CSR und Nachhaltigkeit machen Unternehmen das Leben schwer

Deutsche Unternehmen sind nachhaltig: 98 Prozent der Unternehmen mit mehr als 20 Mitarbeitern engagieren sich bereits stärker für Umwelt und Gesellschaft, als es vom Gesetzgeber gefordert wird. Dies sind die Ergebnisse einer IHK-Untersuchung. Dem Vorhaben der Politik, das bisher freiwillige Engagement zu bürokratisieren, blicken die Unternehmen mit großer Sorge entgegen.

Von Anne-Kathrin Keller

Nachhaltigkeit ist längst in der deutschen Wirtschaft angekommen. Nahezu jedes Unternehmen engagiert sich über die gesetzlichen Anforderungen hinaus für die Gesellschaft und Umwelt. Das belegt eine Umfrage des Deutschen Industrie- und Handelskammertages (DIHK) zur Praxis der sogenannten Corporate Social Responsibility (CSR) unter 2 000 Unternehmen mit jeweils mehr als 20 Mitarbeitern.

Dennoch haben die Unternehmen Sorge, dass die zunehmende Bürokratisierung von CSR-Regeln auf europäischer Ebene es in Zukunft deutlich schwieriger machen wird, sich zu engagieren. Schlimmer noch: Mehr als jedes fünfte Unternehmen will sein Engagement reduzieren, sollte es rechtlich gezwungen werden, über seine CSR-Aktivitäten zu berichten.

EU verschärft Regelungen

Bisher sind Nachhaltigkeits- und CSR-Aktivitäten freiwillig. Die Brüsseler Kommission hatte im Herbst letzten Jahres die Zielrichtung ihrer „EU-Strategie für die soziale Verantwortung der Unternehmen“ für die Zeit bis zum Jahr 2014 neu definiert. Teil der EU-Strategie ist es, CSR stärker voranzutreiben, indem Unternehmen verpflichtet werden, über ihr Engagement zu berichten. Zudem sollen Unternehmen rechtlich gezwungen werden, soziale und ökologische Kriterien stärker in das öffentliche Auftragswesen einfließen zu lassen.

Unternehmer sehen derartige Regelungen als kontraproduktiv an.
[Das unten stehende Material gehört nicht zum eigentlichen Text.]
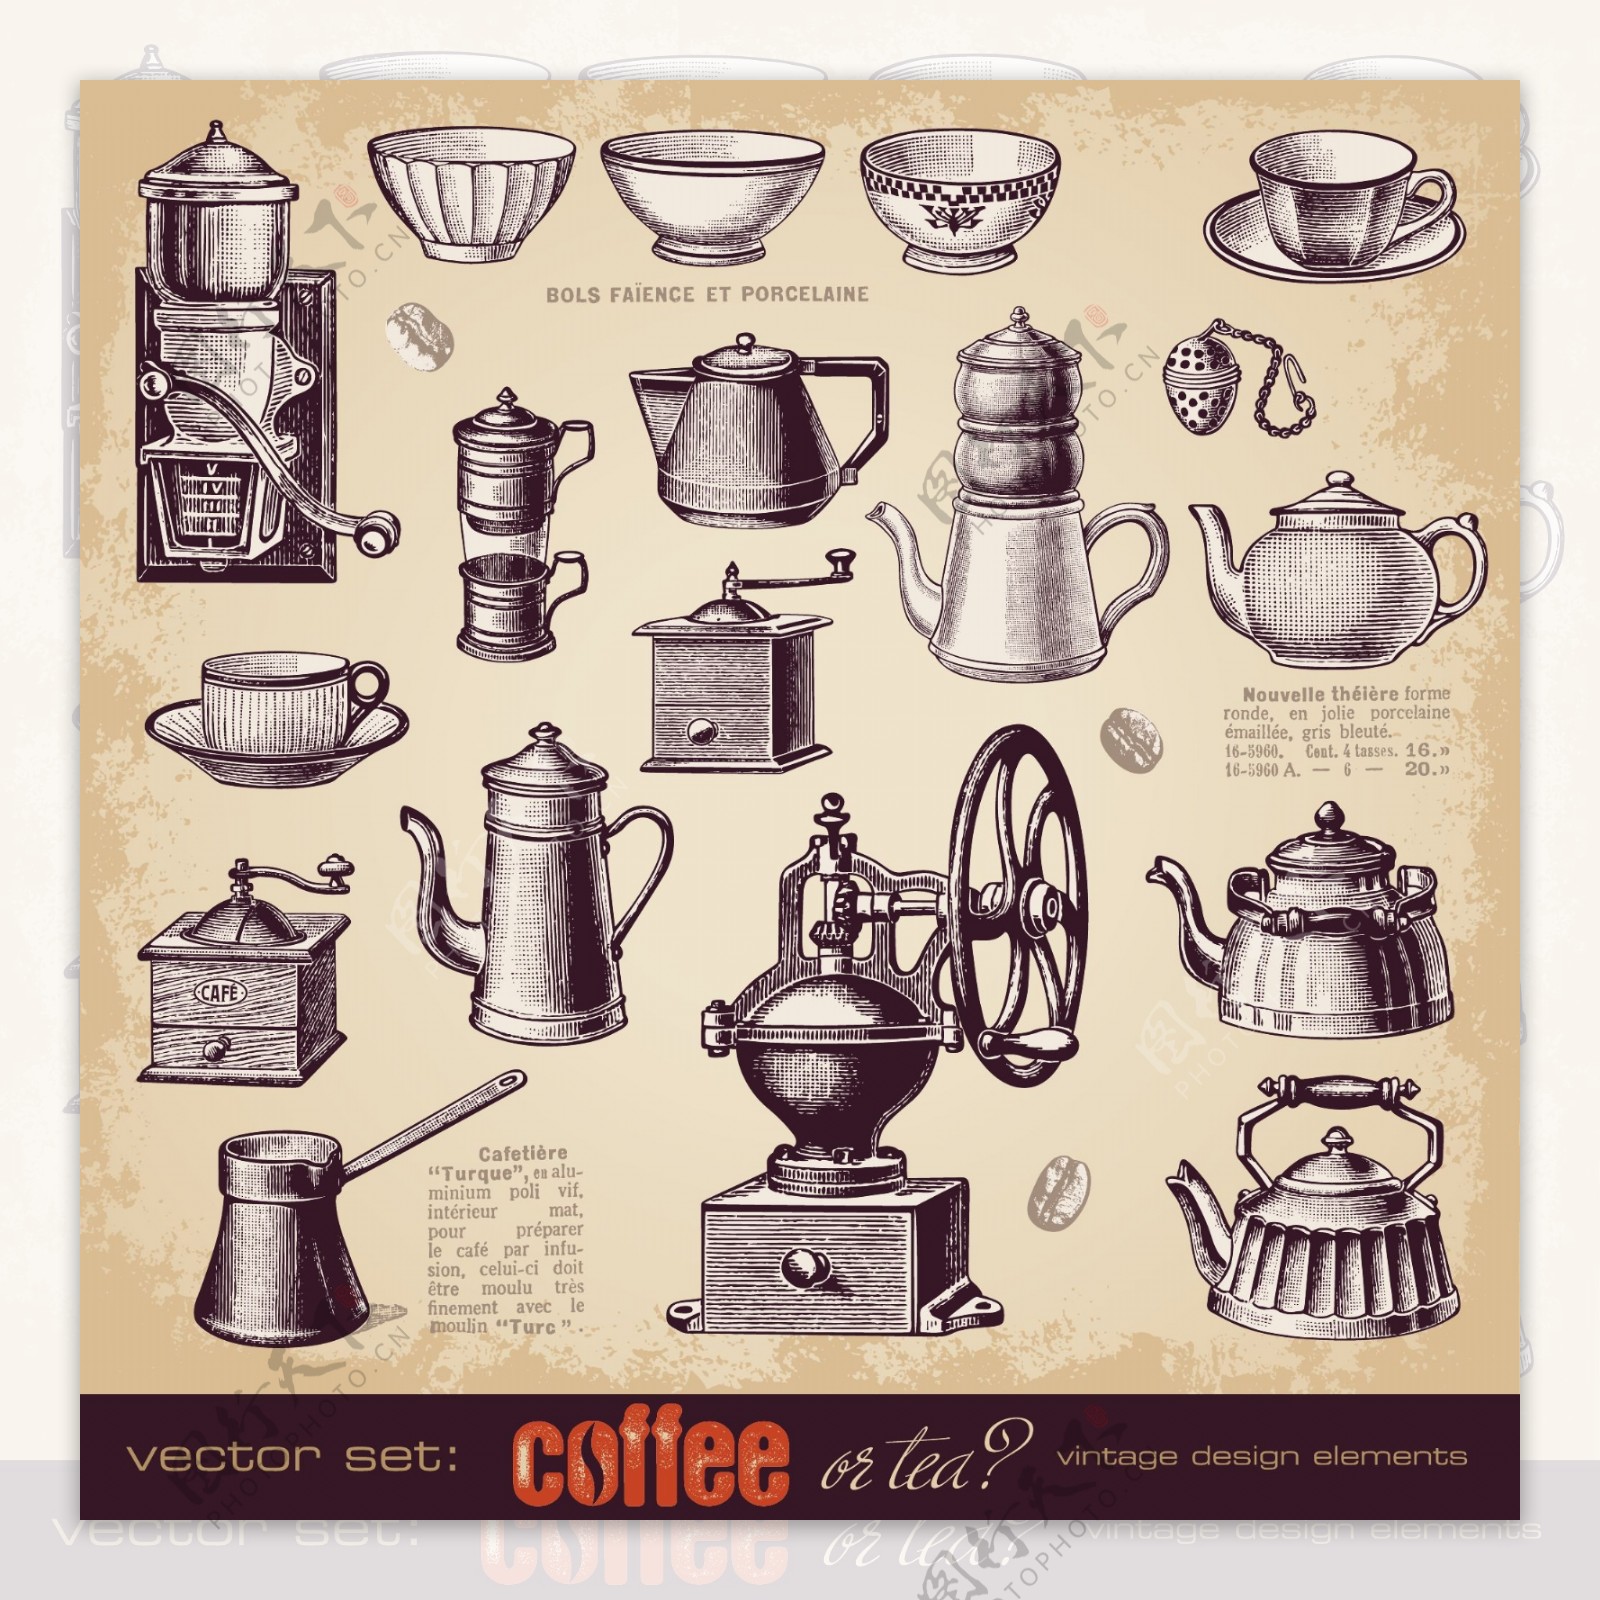 煮咖啡工具用品图片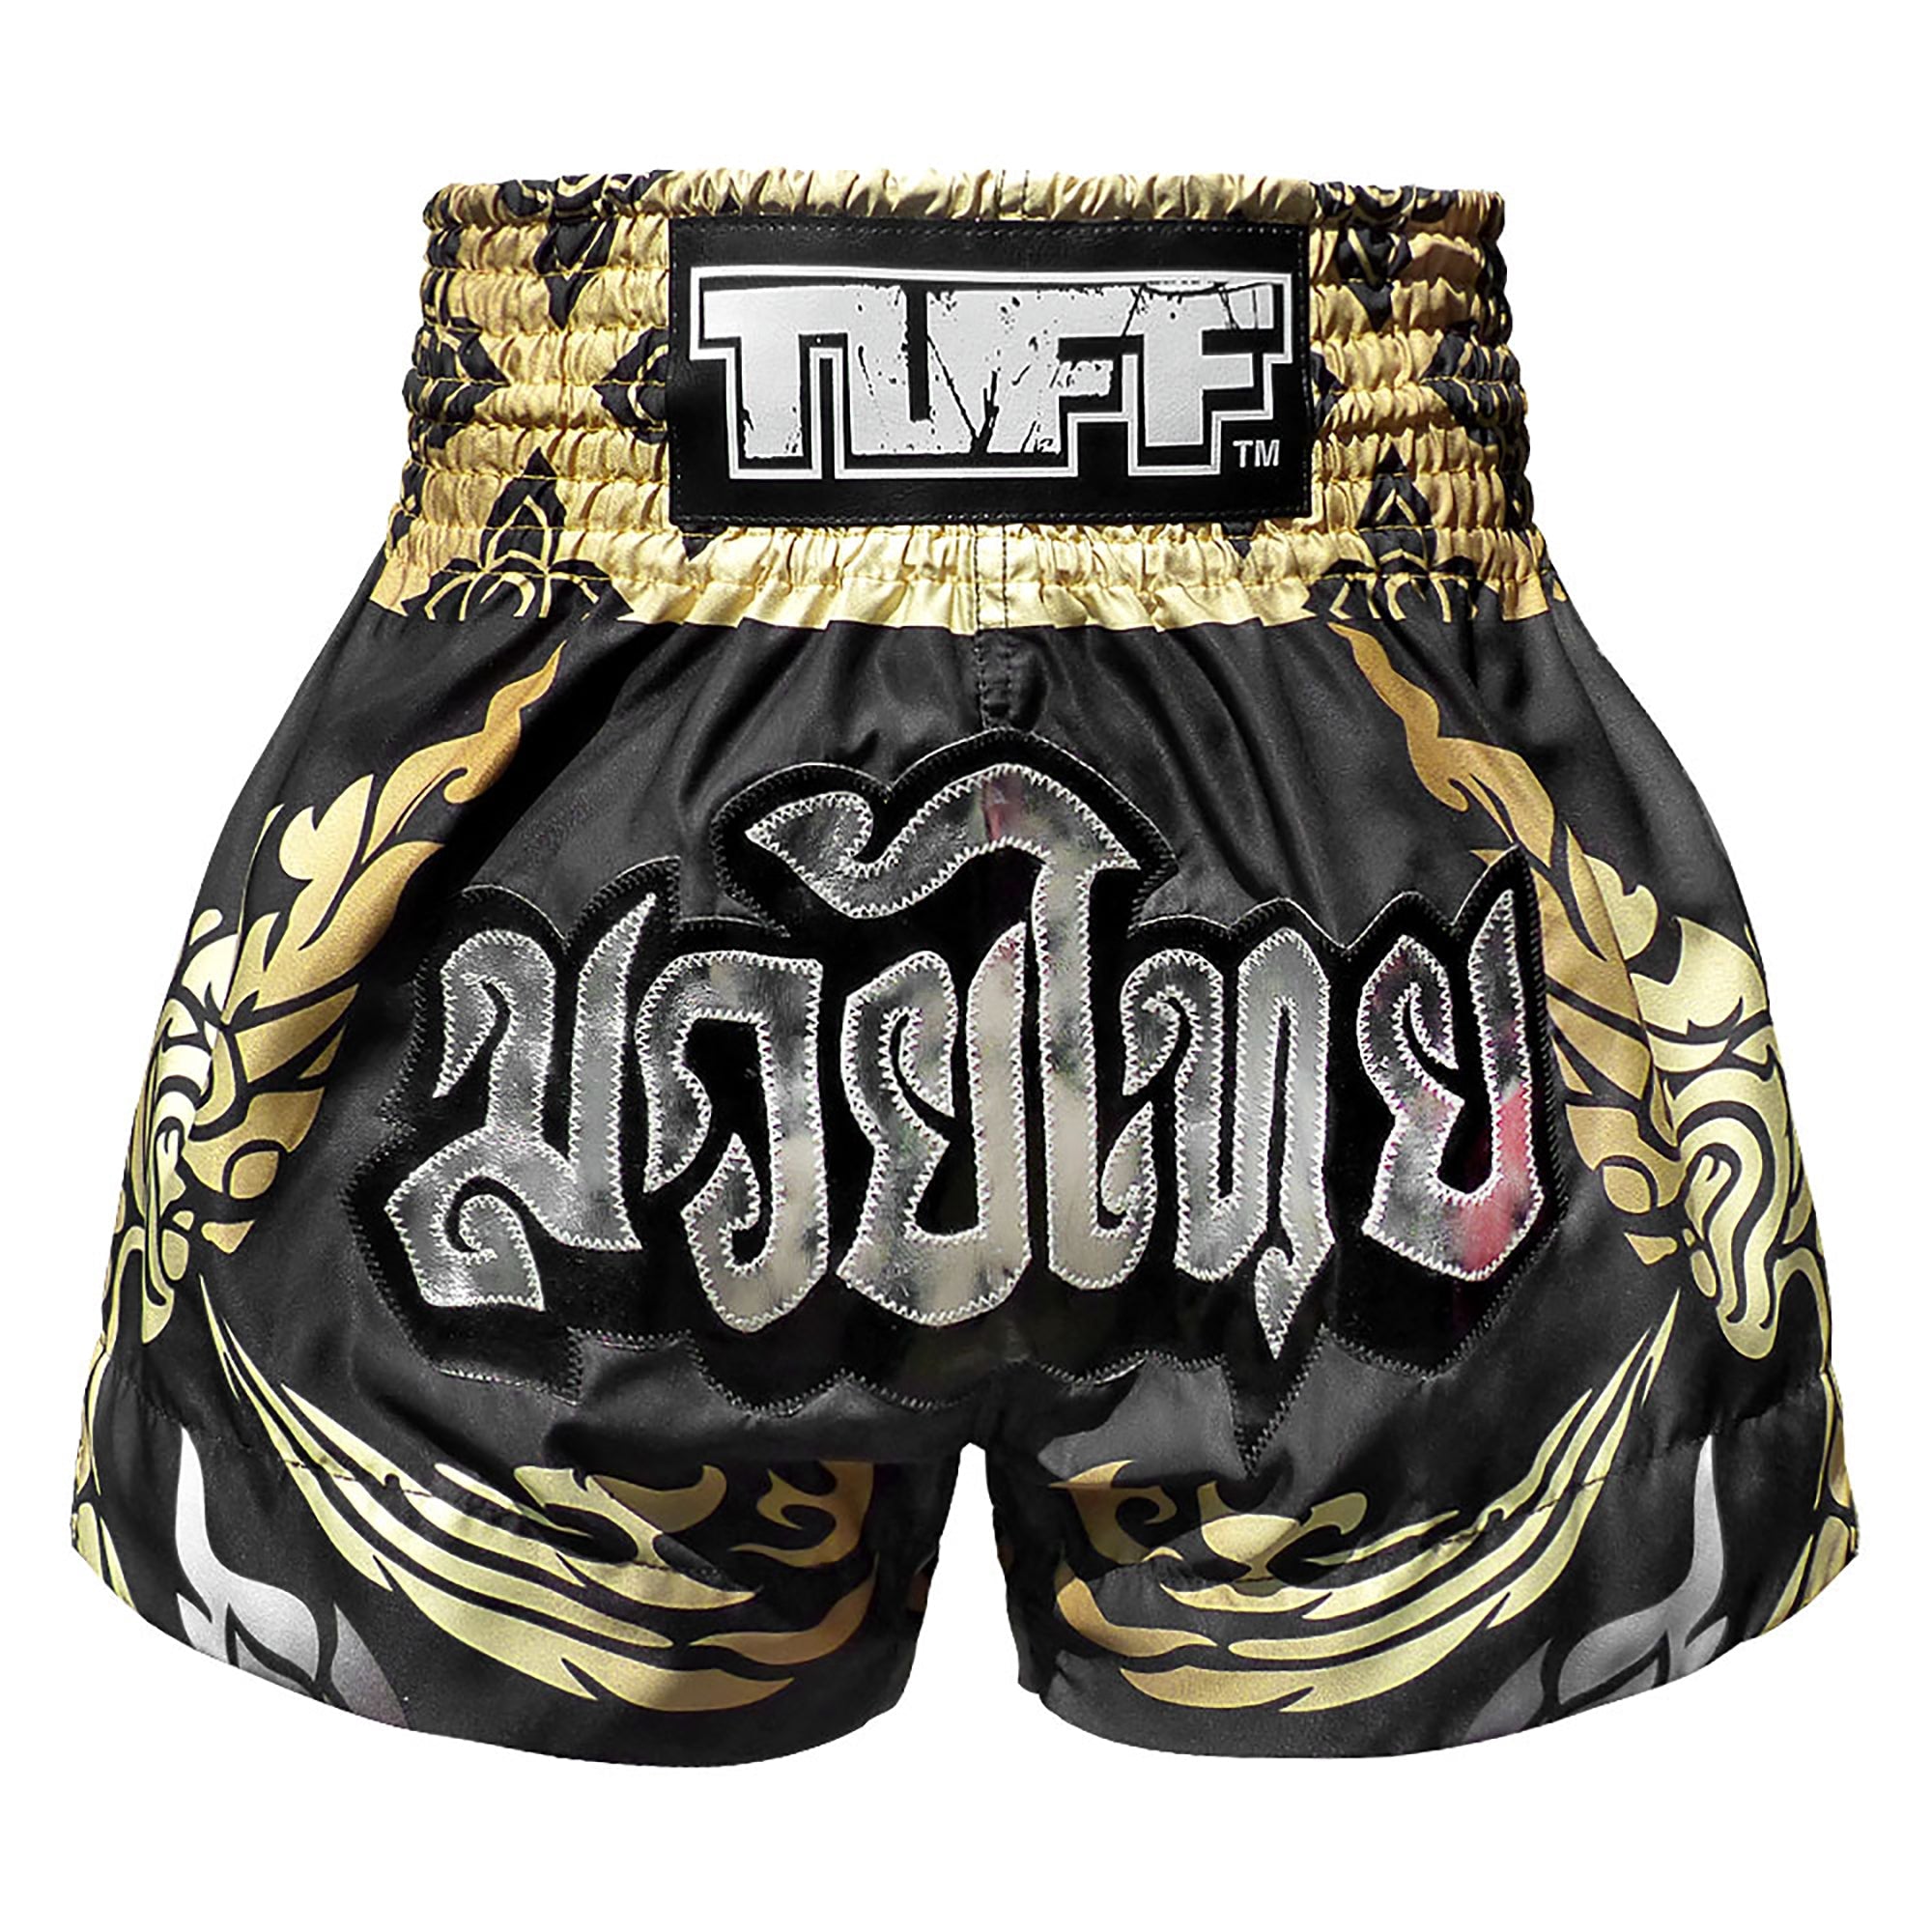 Шорты муай. Шорты для тайского бокса Top King. Тайские шорты Tuff. Майка для тайского бокса фирмы Tuff. Тайские шорты Fairtex.

Sie können dann nicht mehr selbst entscheiden, in welcher Form sie sich engagieren wollen, sondern werden in eine bestimmte Richtung gezwungen. De facto engagieren sich deutsche Unternehmen heute schon mehr, als von Seiten der EU empfohlen wird.

Unter CSR versteht man jegliches unternehmerische Engagement für die Gesellschaft, es ist somit Teil der Nachhaltigkeitsstrategie eines Unternehmens. Das reicht von einer weitsichtigen Personalpolitik, kulturellem Engagement bis hin zur Förderung sozialer Projekte innerhalb und außerhalb des Unternehmens. Kämen die neuen Verordnungen der EU, wären Unternehmen nicht mehr frei, ihre Ressourcen in Bereiche zu stecken, in denen sie besonders effektiv wirken, sondern müssten sich flächendeckender engagieren.

Zudem käme ein erhöhter Kostenaufwand auf die Unternehmen zu. Die DIHK-Umfrage zeigt, wie empfindlich die Wirtschaft gegenüber verschärften Berichtspflichten ist: Selbst vier Fünftel der größeren Unternehmen mit mehr als 250 Beschäftigten beschweren sich über den „spürbaren finanziellen und bürokratischen Aufwand“, der ihnen damit drohe.

Bundesregierung hält an freiwilliger Regelung fest

Im Gegensatz zu Brüssel setzt die deutsche Regierung weiter stark auf das Freiwilligkeitsprinzip. Der „Nationale Aktionsplan CSR“ ist eines der Kernelemente der deutschen CSR-Regulierung. Das Dokument will CSR für Unternehmen verbindlicher machen. Dabei handelt es sich aber nicht um rechtlich bindende Vorgaben, sondern darum, das Bewusstsein zu schaffen, dass sich CSR für Unternehmen lohnt.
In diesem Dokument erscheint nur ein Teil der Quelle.